[WHAT TO PRODUCE] Print the listing below exactly, images excluded.

[MATERIAL PROVIDED]

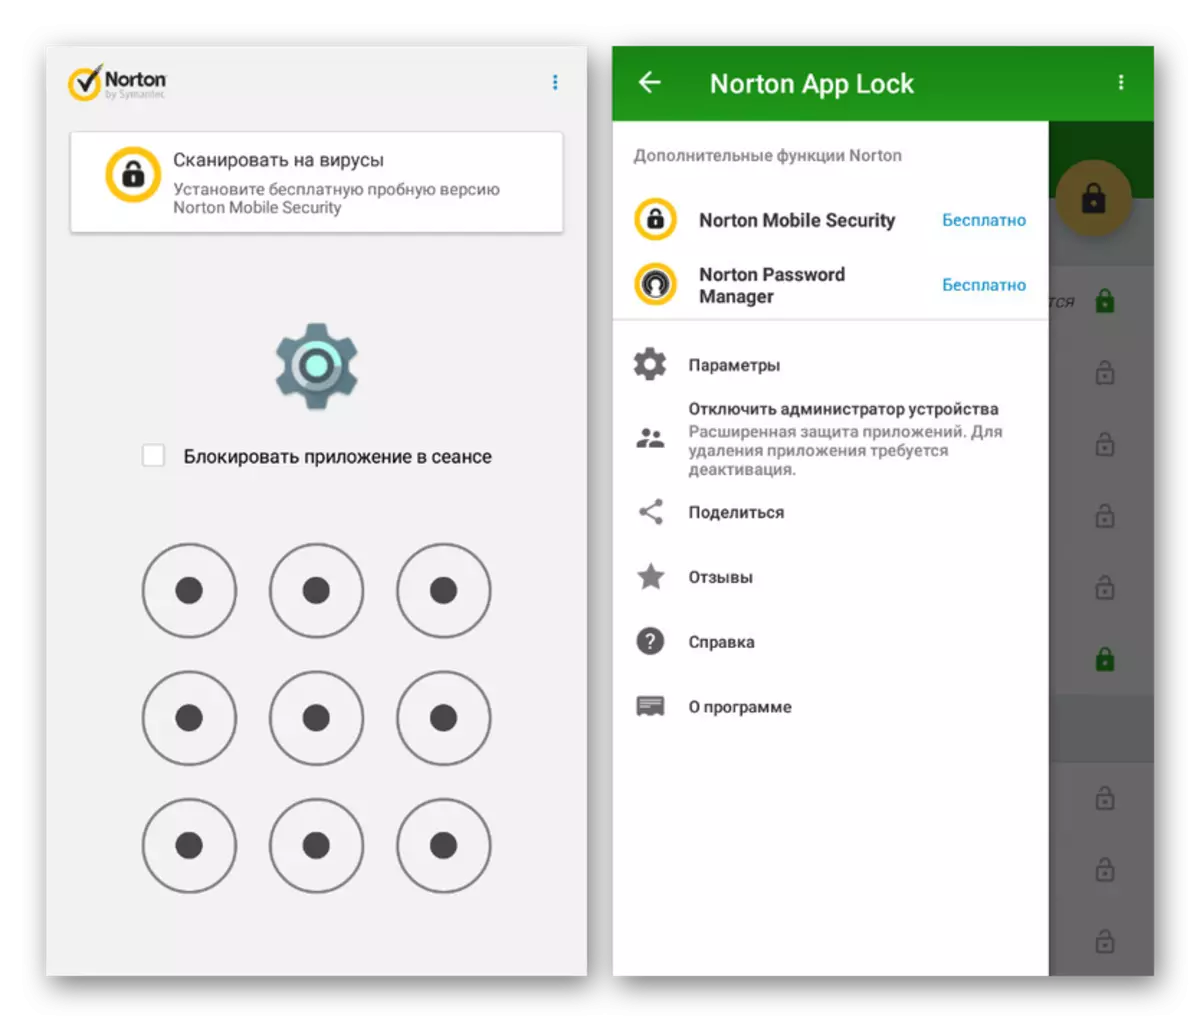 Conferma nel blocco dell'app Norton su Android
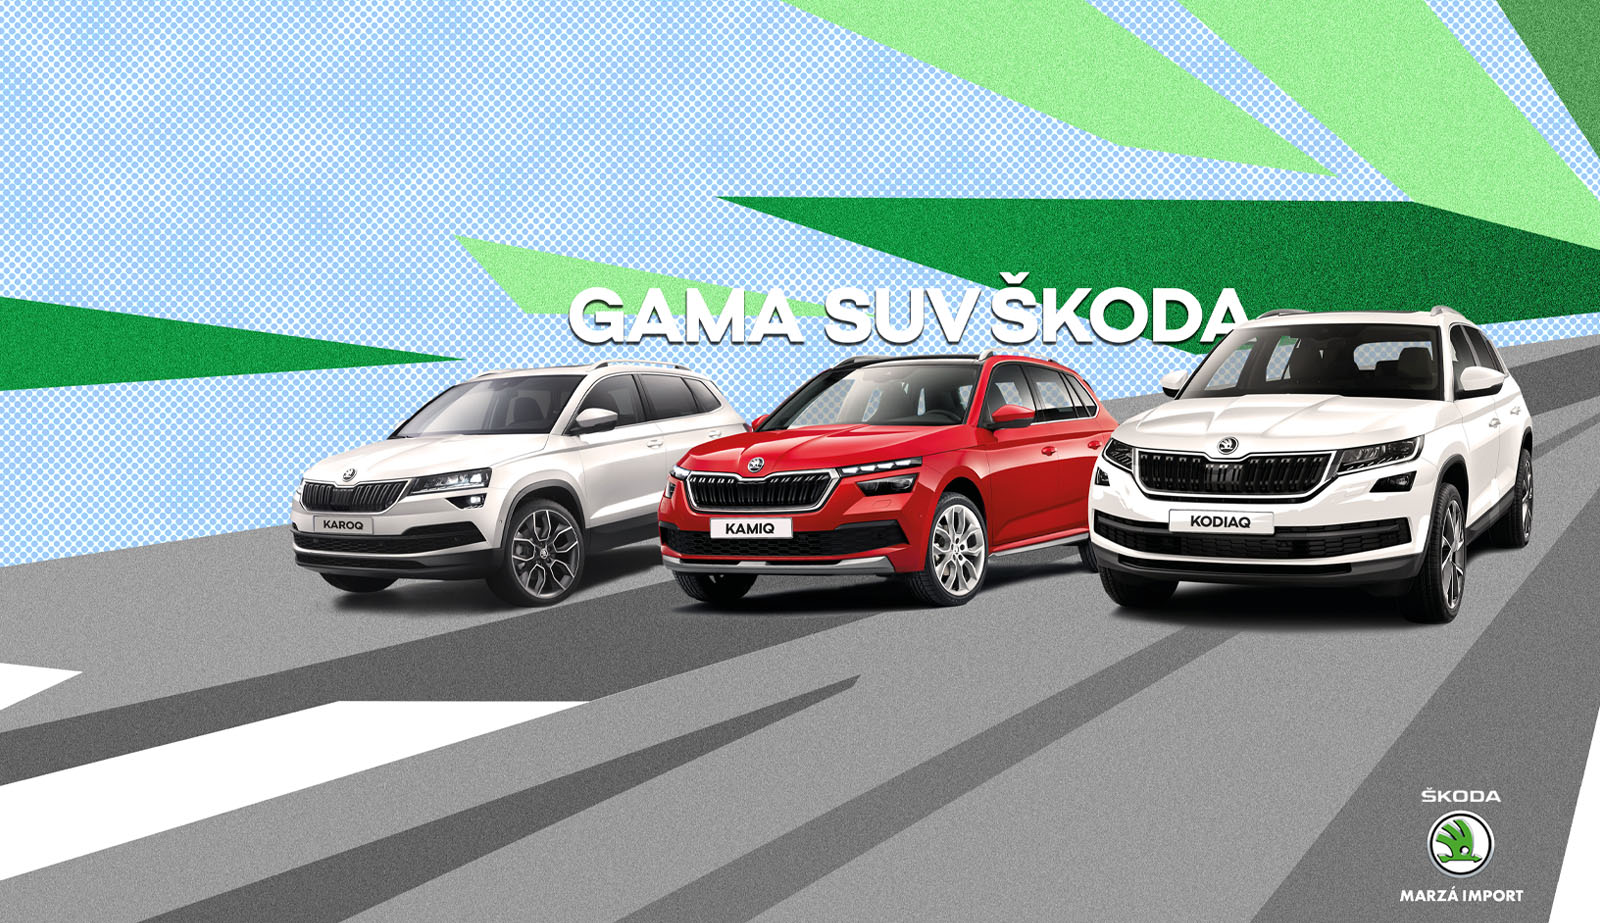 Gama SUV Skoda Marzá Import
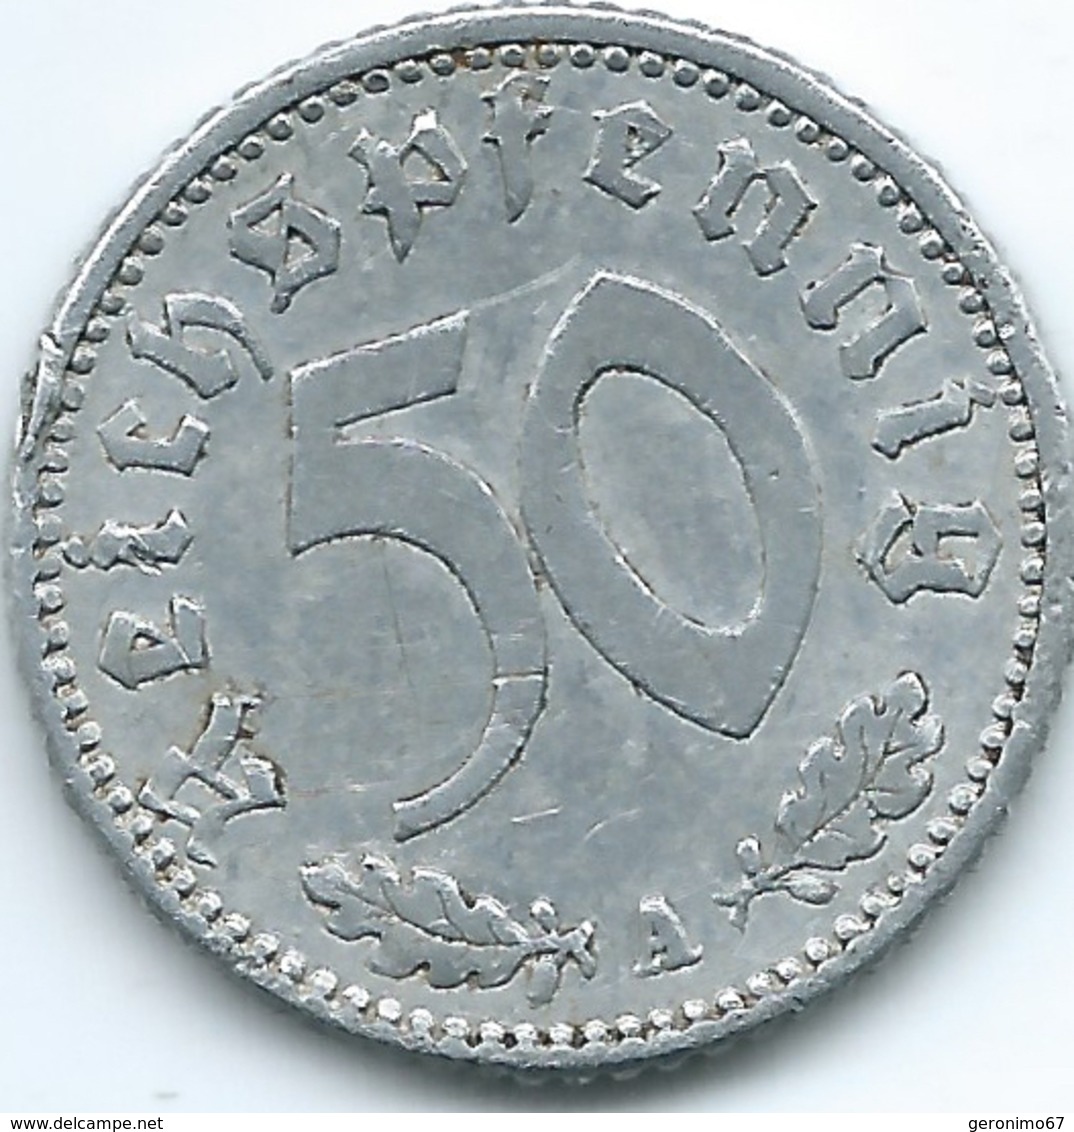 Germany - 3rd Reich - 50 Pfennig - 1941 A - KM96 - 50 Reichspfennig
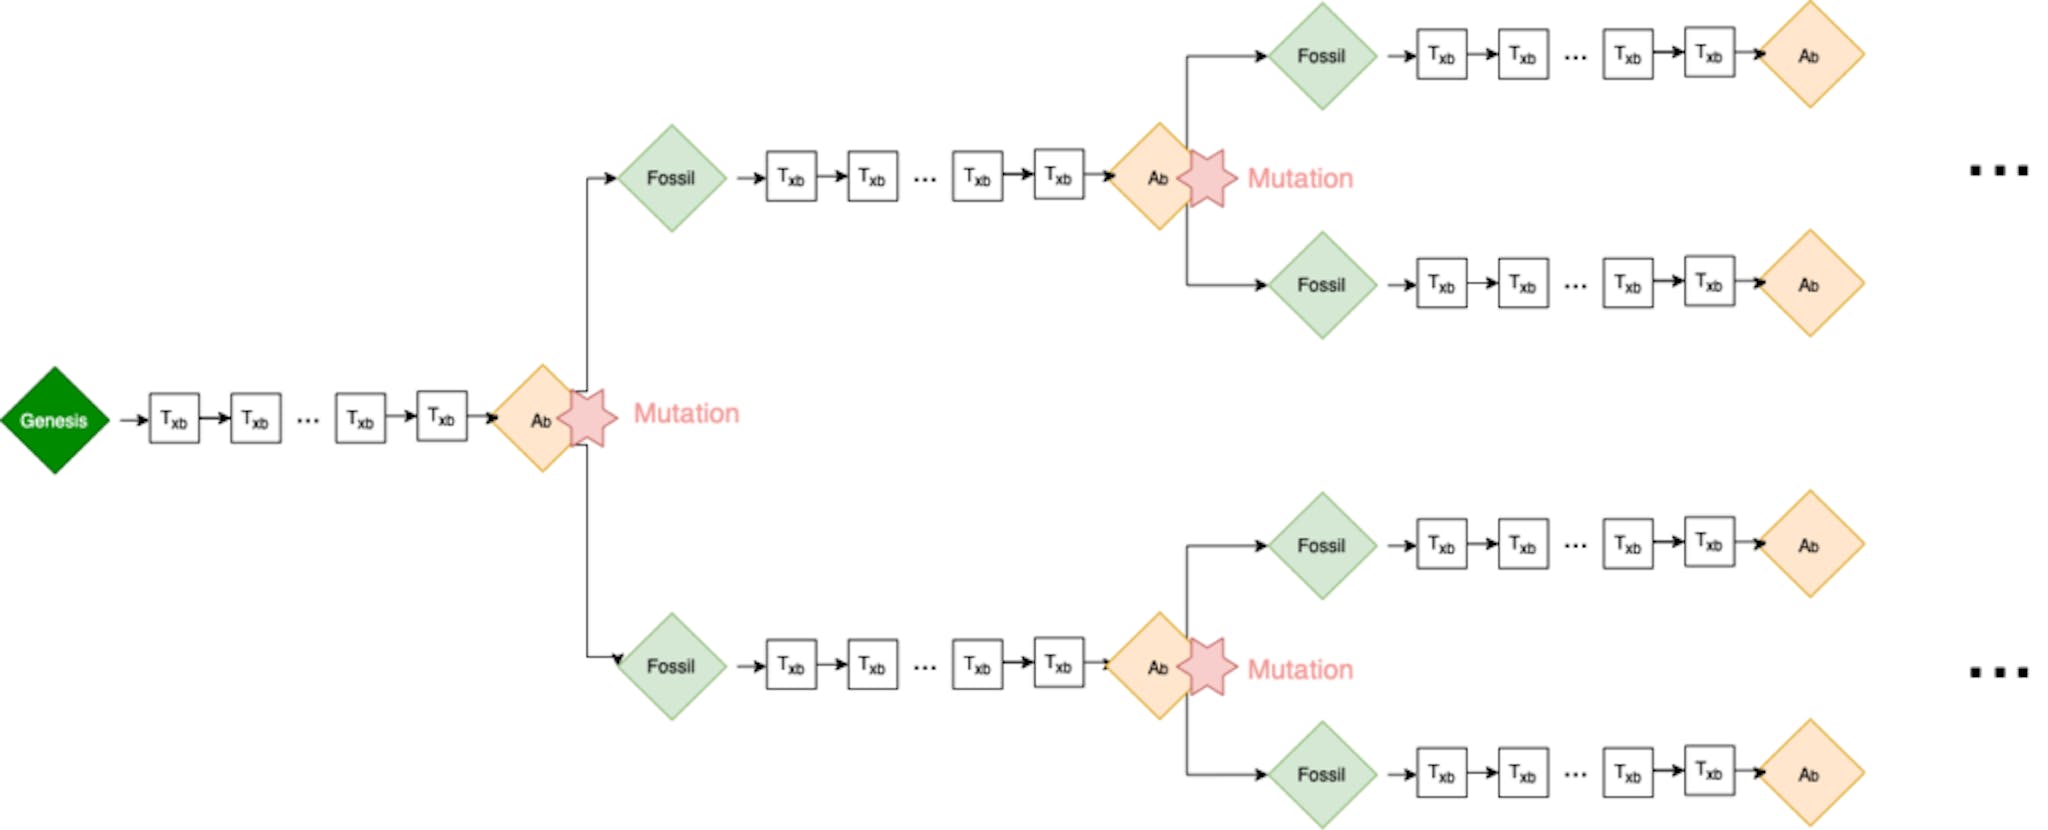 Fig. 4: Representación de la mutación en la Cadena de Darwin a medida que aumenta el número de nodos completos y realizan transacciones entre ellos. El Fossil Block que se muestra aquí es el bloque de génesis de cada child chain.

[ANSWER BELOW]
 Conferma nel blocco dell'app Norton su Android
 Gama SUV Skoda Marzá Import
 Germany - 3rd Reich - 50 Pfennig - 1941 A - KM96 - 50 Reichspfennig
 Fig. 4: Representación de la mutación en la Cadena de Darwin a medida que aumenta el número de nodos completos y realizan transacciones entre ellos. El Fossil Block que se muestra aquí es el bloque de génesis de cada child chain.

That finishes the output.